Beau ducked his head. “There ain’t nothing you can do for him, Miss Dee. It’s too late.”
“I’m sorry. Was he a friend of yours?”
“He was my best friend, and I was supposed to look out for him. I should’ve been here. He’d still be alive.” Beau sobbed, took off his red stocking cap and wiped his eyes with it. He rocked back and forth in his misery.
“I thought Pete was your best friend?” Maybe if he had another friend to comfort him, he wouldn’t be so lost.
“He was. And now he’s dead and it’s my fault.”
“Pete died?” That was a surprise. Pete was in his mid-thirties and in good health aside from his blindness last time I saw him.
“I just left him for a few minutes. A pretty lady gave me some money, and I went to buy food for both of us, and a little something for Pete.” He showed me green cloth grocery bags full of bread, lunchmeat, apples and such, and a brown paper bag with a bottle in it that I didn’t need to see inside to know the contents.
“When I came back, he was dead. I shouldn’t have left him. He was blind, couldn’t go nowhere without me.”
The way he was talking, Pete had just died, and I still had no clue who this old guy was. “Where’s Pete now, Beau?”
The homeless guy with the sparse curly hair sticking in all directions who thinks I'm an angel blinked at me for a second like he was wondering if I needed the guys in the white coats. “He’s right there,” he said, finally, like explaining it to a slow child. He pointed at the dead body lying next to us. “That’s Pete.”
I wondered for a second if Beau had sampled some of what he bought for Pete, but I knew Beau didn’t drink. I looked at the body of the very old man with the bright staring blue eyes, and caught my breath.
I remembered those bright blue eyes blinking up at me sightlessly from a far younger version of that same face. The dead guy looked an awful lot like Beau’s friend, whose life I’d just saved a few weeks before.
“Jack, take a good look at this guy. Does he look familiar?”
Jack held the lantern closer and looked carefully at the dead man. “He looks a little like Pete, maybe his father or grandfather.”
“Pete’s family are all dead,” Beau said. “That’s Pete.”
Jack shook his head. “That’s not possible.”
Beau grabbed Jack's arm and came alive for a minute. “I heard about three other guys downtown, younger guys that just got old and died overnight. Nobody knows how." He sat back and shrank in on himself again. "I told Pete we should move to another place. Might be safer." He shook his head and the tears started flowing again. "Guess I was wrong.”
That sounded like a pattern. “Do the cops know about people dying of old age all of a sudden?”
Beau shook his head sadly. “No one will listen.

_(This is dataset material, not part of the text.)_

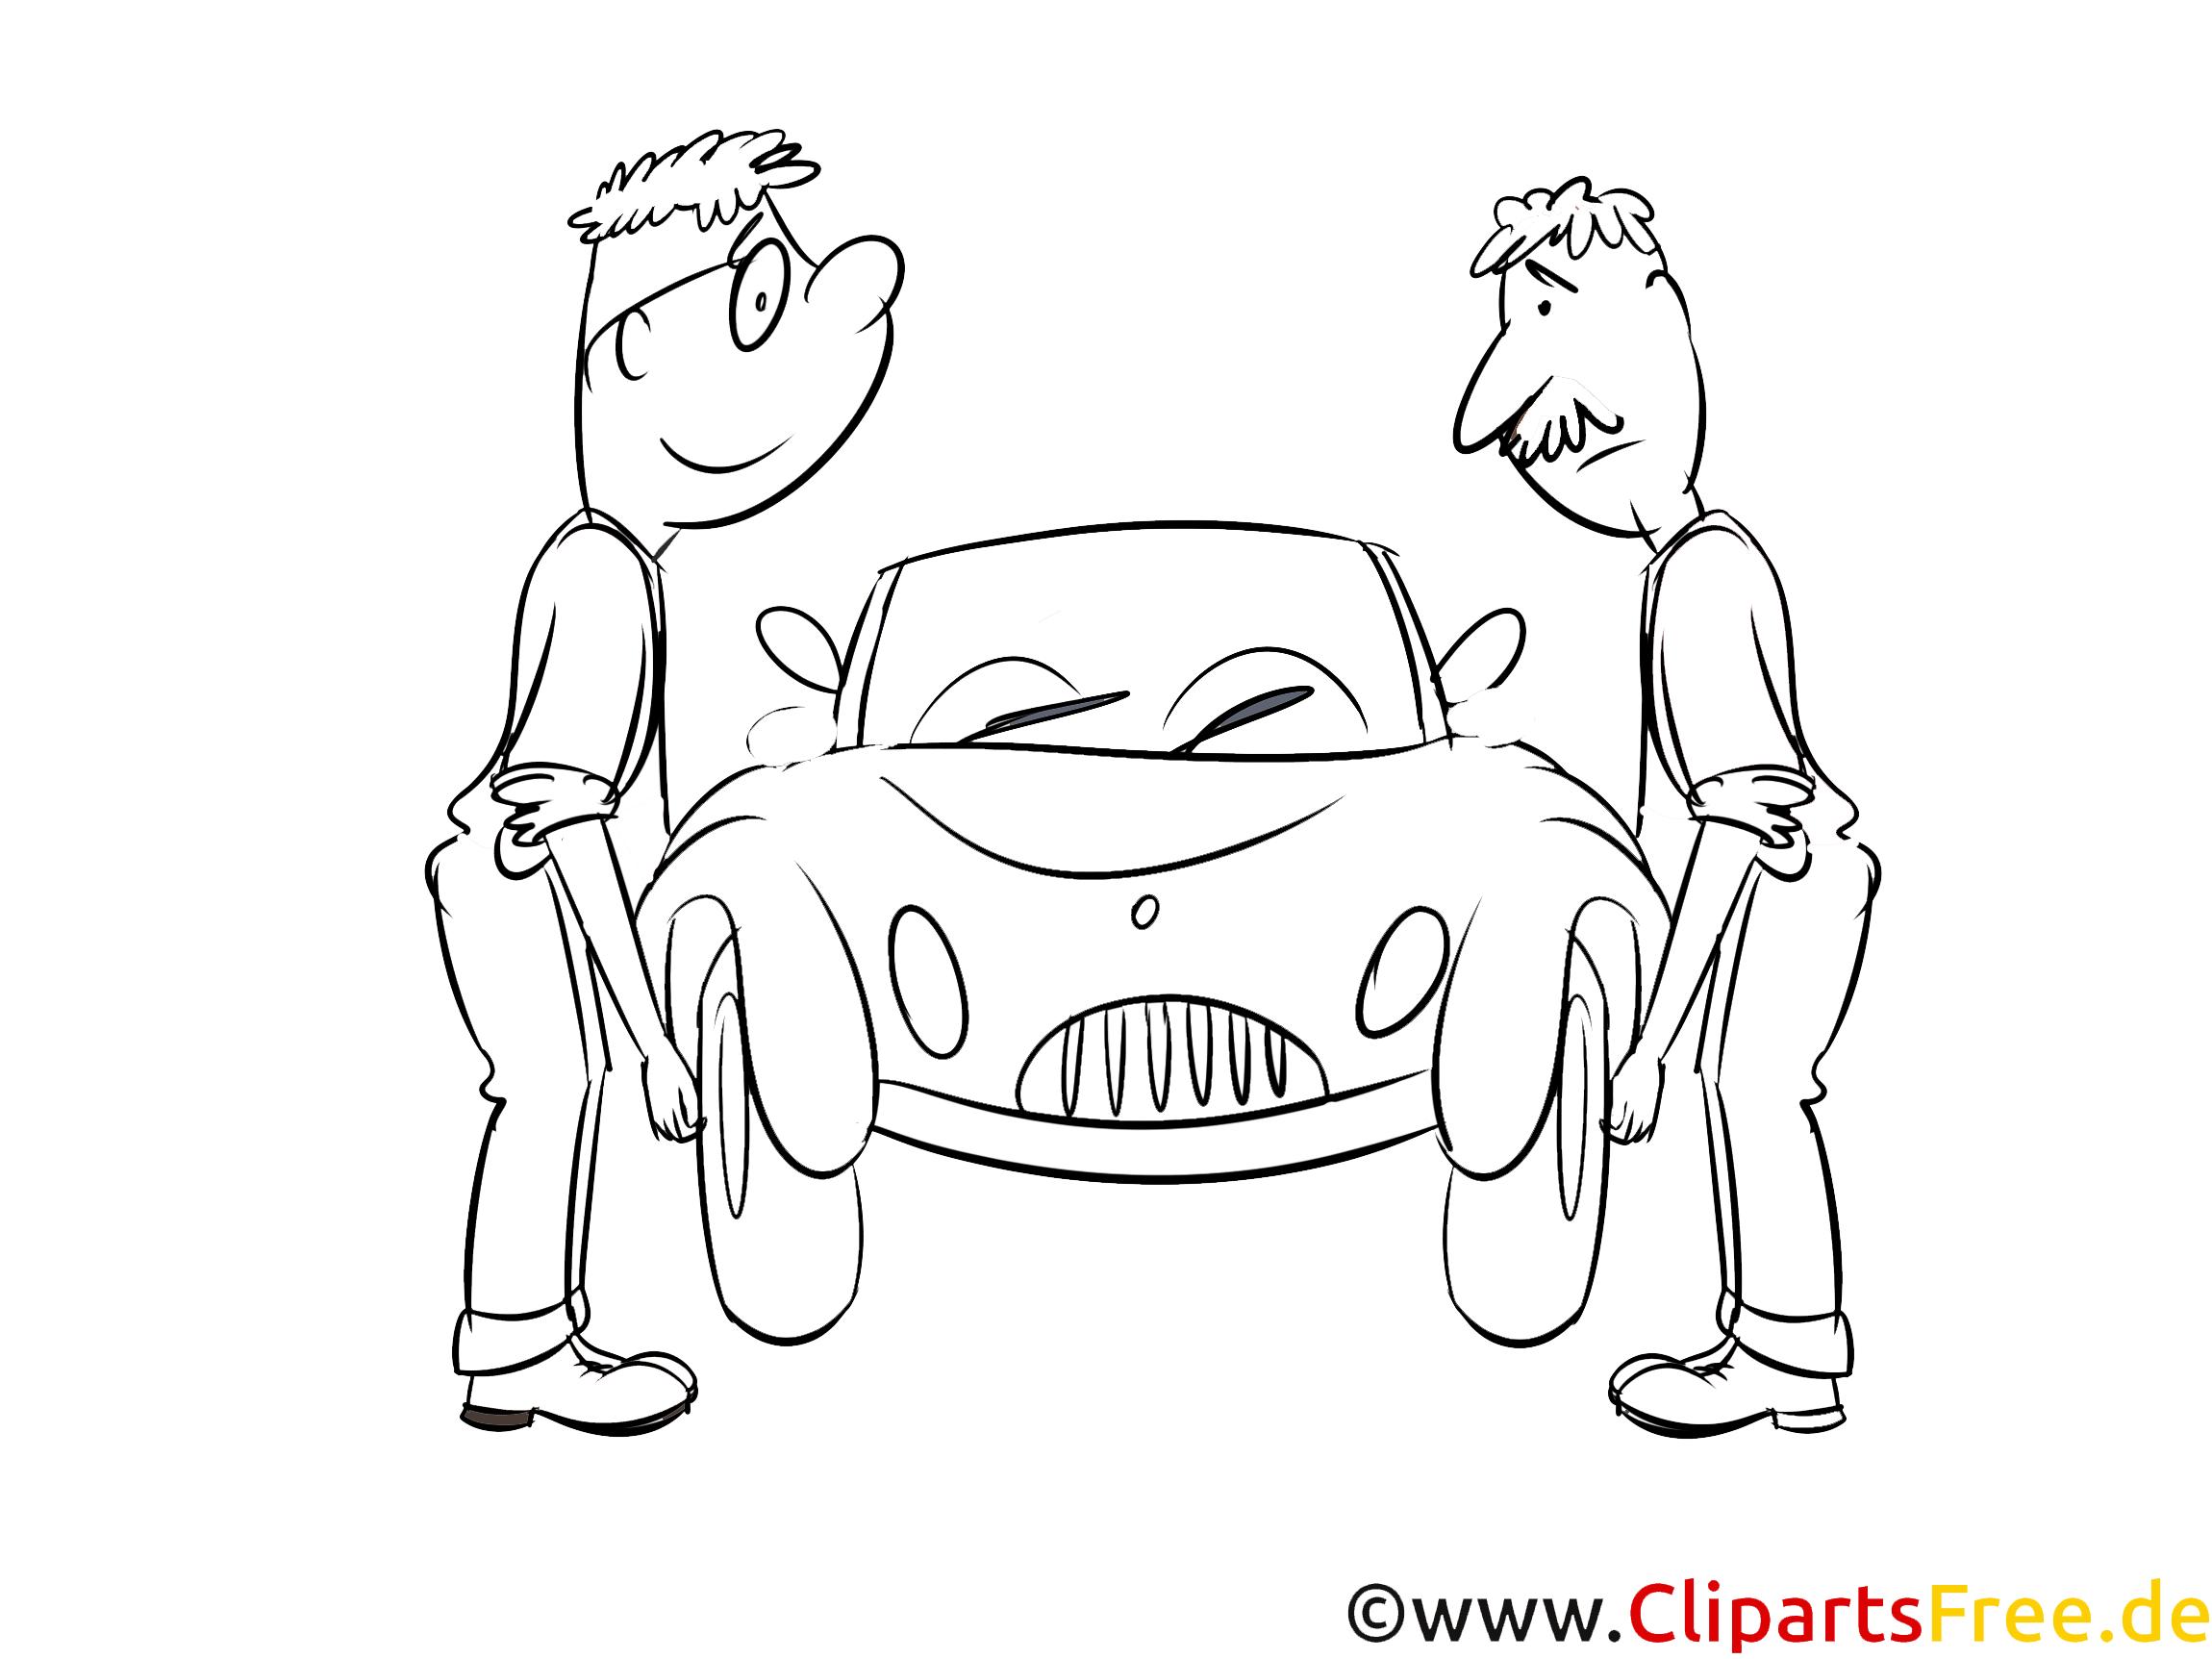 Auto reparieren Ausmalbild kostenlos

I tried telling some cop named Flynn the other day, but he wouldn’t believe me.”
If I didn’t know these guys, I’d have probably thought Beau was on something, too. “Beau, tell me about the pretty lady who gave you money for food. What did she look like?”
“She looked like right out of a magazine, one of them leather ladies, with a corset and spiked heel boots and stuff.”
That made a shiver go up my spine. “Was a man with her? A big guy, with a lot of muscle and black leather pants with a skull belt buckle?”
“I didn’t see no belt buckle, but there was a muscle guy driving her car. He had a tattoo on his shoulder of a big sickle.”
Domina Death and Scythe, two of the most notorious mercenary supervillains on earth. Not exactly the kind of people who gave money to a homeless guy to buy food.
The Death Dealers were in Austin killing people, and likely no one, not the cops or the supes, had even noticed.